Commercially available ONICs use custom integrated circuits and/or network processor chips to implement specific network protocols [13] , [14] . They cannot keep up with the 10-100 Gigabit data rates available with VSR optical data links. Finally, commercial ONICs use proprietary designs and cannot be modified to use new VSR optical link hardware. These attributes make commercial ONICs unusable for experimenting with new network architectures and VSR optical data links. On the other hand, an ONIC has been previously demonstrated that used custom-made integrated circuits to implement a specific network protocol [15] . While this approach successfully demonstrated the new network protocol proposed by its authors, it is difficult to modify this design because of the high cost and extensive knowledge required for the design of custom integrated circuits.
References [5] and [16] describe a network architecture demonstration that used an ONIC design similar to the one being proposed in this paper. That ONIC design also used FPGAs and SERDES that can be reconfigured to support various network protocols. However, it employed a proprietary memory-bus interface to connect the optical link with the computing node. While a memory bus interface permits higher bandwidth communication between the processor and the optical link, our PCI-based ONIC supports a broad range of computing hardware from a multitude of computer manufacturers. Future modifications of our ONIC design can use the emerging PCI bus extensions [17] to achieve higher communication bandwidth than that possible with existing 64-bit/66-MHz PCI standard. Finally, we have done more work at the software driver level to demonstrate application-level message passing between computing nodes interconnected using ONICs.
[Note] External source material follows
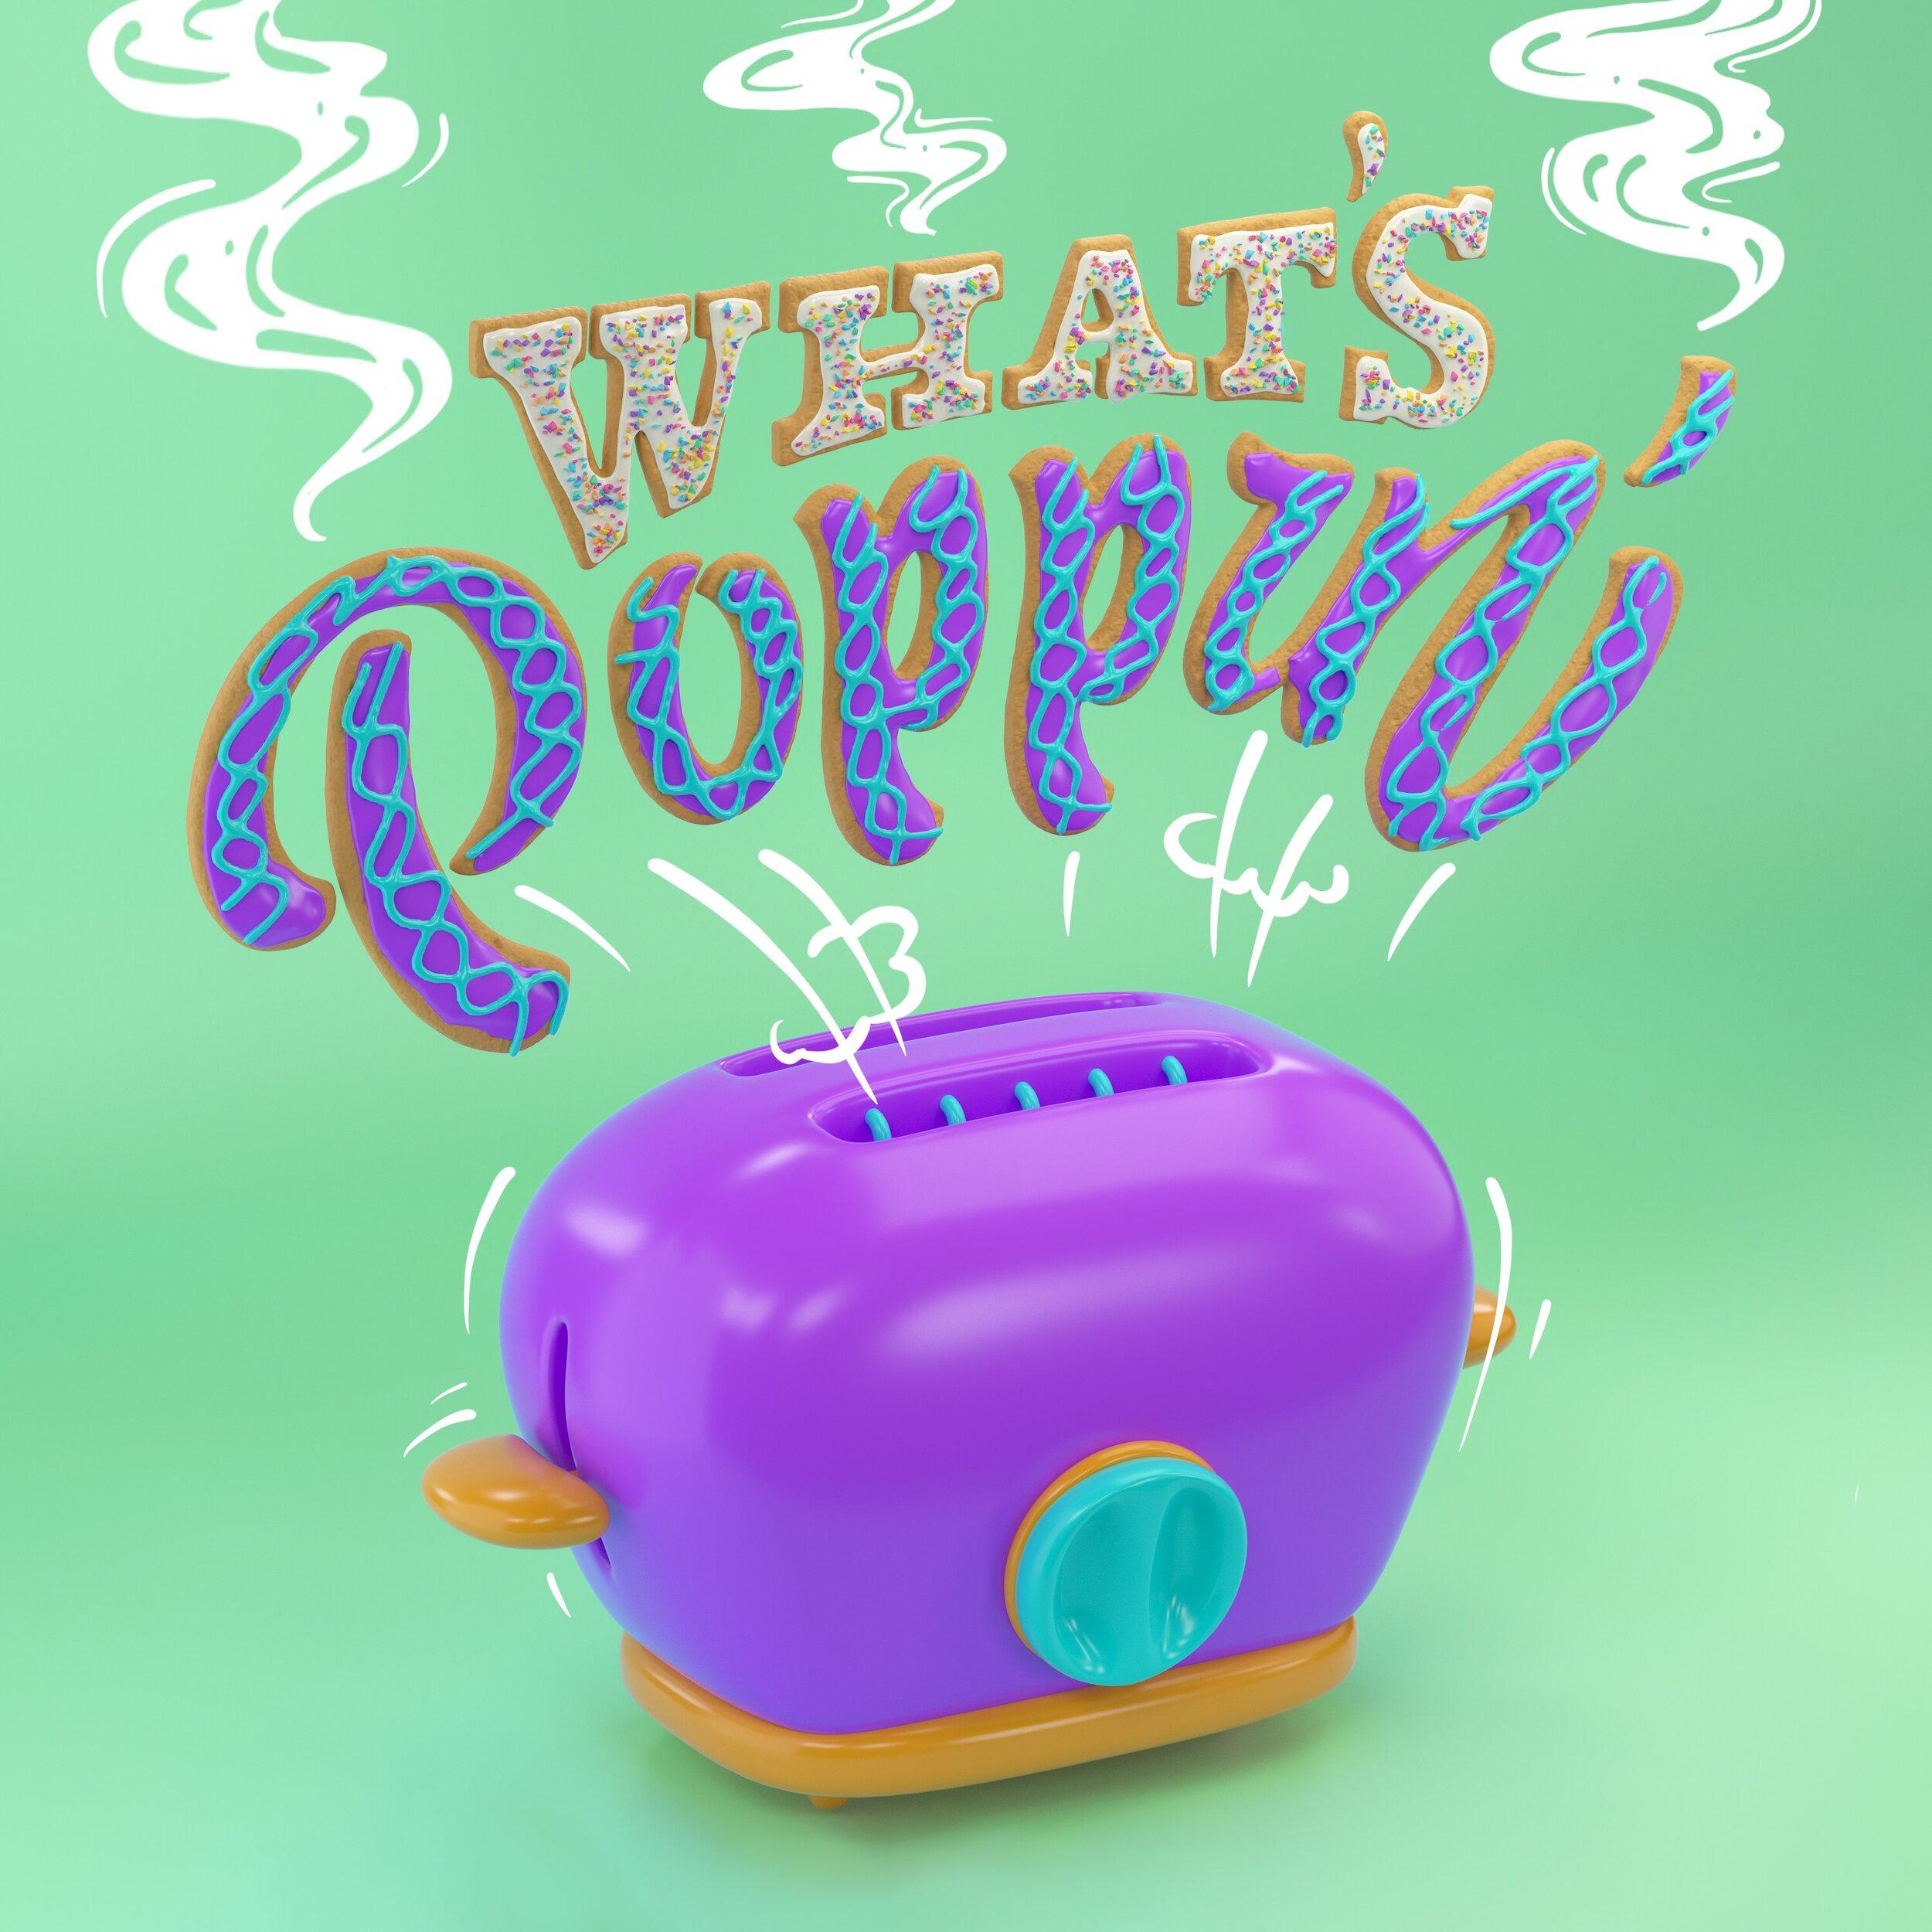 Whats-Poppin_Pop-Tart_by-Noah-Camp.jpeg

We have built several ONIC prototypes and tested them for continuous error-free data transmission through the VSR optical data links. A software driver was developed and used to experimentally demonstrate application-level message passing between two server computers, each equipped with ONICs that were connected with 1 m of parallel fiber ribbon cable. As previously described, our motivation for designing the ONIC was to support the demonstration of a network architecture that uses free-space optical interconnects inside the switch fabric. The custom network protocol used in that architecture and its mapping onto the ONIC hardware will be presented in this paper. All these results can be used as a starting point for researchers who want to develop their network protocol and optical device specific ONIC.
The remainder of this paper is organized as follows. Sections II describes the ONIC architecture and design. Section III describes the experimental tests performed with prototype ONICs and the results. Section IV describes the use of ONIC in a new network architecture. Finally, Section V provides concluding remarks.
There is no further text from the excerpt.